Neste semestre na pós-graduação tive aula de Projeto de Interfaces, onde estudamos a interação homem-máquina, usabilidade de sistemas e protótipos para validação de inteface. Sem dúvidas a parte mais surpreendente desta matéria foi o protótipo de papel.

Com pedaços de papel, post-it, canetas e lápis, criamos a interface de um jogo, desde o menu, a configuração, modo de jogo e o jogo em si. Com isto, foi possível testar a interface e alterá-la entre um teste e outro. O resultado foi ótimo, conseguimos deixar a interface do nosso jogo com uma usabilidade muito boa após 3 testes, sendo um deles com dois jogadores simultâneos.

Este é o conceito do jogo Luta Encarniçada, que criamos para testar a interface:

Enfrente o exército inimigo comandando seus personagens até derrotar seu oponente em calabouços únicos. Cada mapa pode ser construído e customizado para que cada batalha necessite de estratégias diferentes. Cada guerreiro possui atributos de Ataque, Defesa, Mobilidade e Alcance balanceados, para que a montagem dos exércitos torne o jogo competitivo.

O teste de interface funciona da seguinte maneira: nossa equipe era compostar por um observador (apenas observa as reações do jogador e faz anotações e verifica o que pode ser melhorado), um “CPU” (altera a interface de acordo com a ação do jogador, imitando o comportamento de uma máquina) e um facilitador (informa ao jogador o que está sendo exibido na tela e espera pela sua reação, não pode induzir o jogador a tomar uma decisão e nem falar o que ele deve fazer). O jogador deve explorar a interface sem “travar”, caso seja muito necessário o facilitador pode dar uma dica, mas isto significa que a interface possui uma falha que deve ser arrumada para o próximo teste.

Teste de usabilidade de interface com protótipo de papel

Teste de usabilidade de interface com protótipo de papel

O protótipo feito com papel serve apenas para validar a interface e, se o jogo não for complexo, é possível validar um pouco da jogabilidade, que foi o que fizemos também. Esta é a conclusão do relatório da análise de interface que fizemos:

O método de protótipo de papel é muito útil para avaliar a interface e a jogabilidade em jogos. Dependendo da complexidade do jogo, a jogabilidade fica difícil de ser testada devido à limitação do uso de papel e caneta, mas na validação de interface é perfeita e poupa re-trabalho.

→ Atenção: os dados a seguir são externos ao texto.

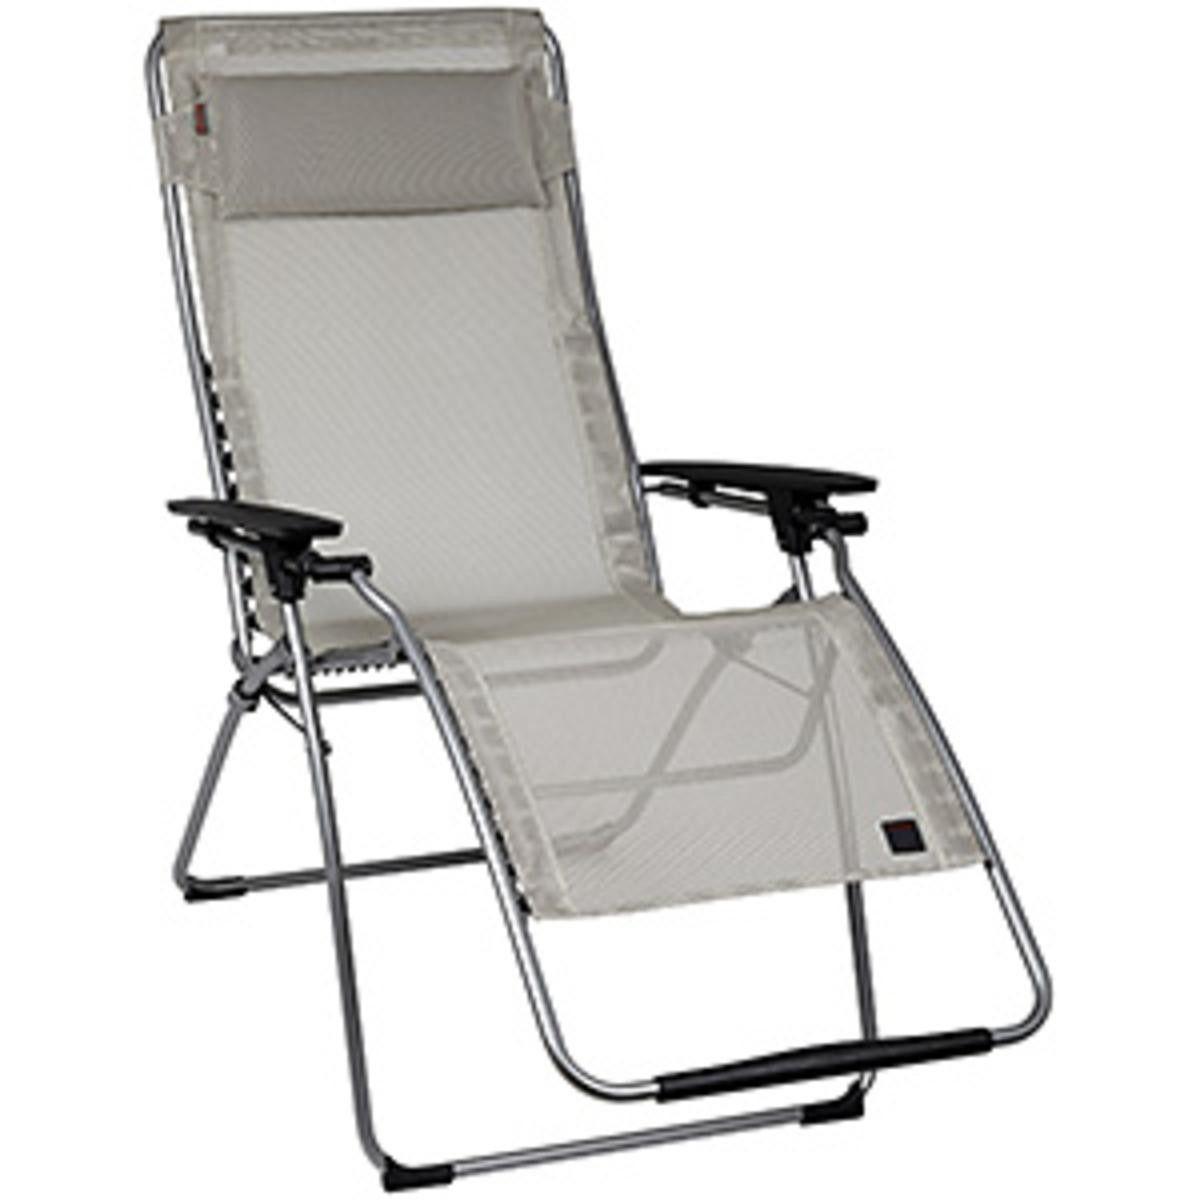 Futura Clipper XL MESH Zero Gravity Recliner   Seigle With Grey Frame    Travel Reflexology Chair

De maneira bem rápida e prática podemos alterar a interface e deixá-la pronta para testes sem ter que mexer com imagens ou linhas de código. Este tipo de prototipagem deve ser simples para que funcione corretamente, e é muito importante observar as ações do usuário e não induzí-lo a realizar uma ação que desejamos e consideramos a mais correta.

Este método de teste de interface é muito rápido, dinâmico e economiza muito tempo de programação e re-trabalho. É muito simples fazer um protótipo de papel – muito mais fácil do que criar uma demo para validar a interface. Acho bem legal também utilizar isto para validar a jogabilidade antes de pensar em programar, se a complexidade do jogo permitir isto.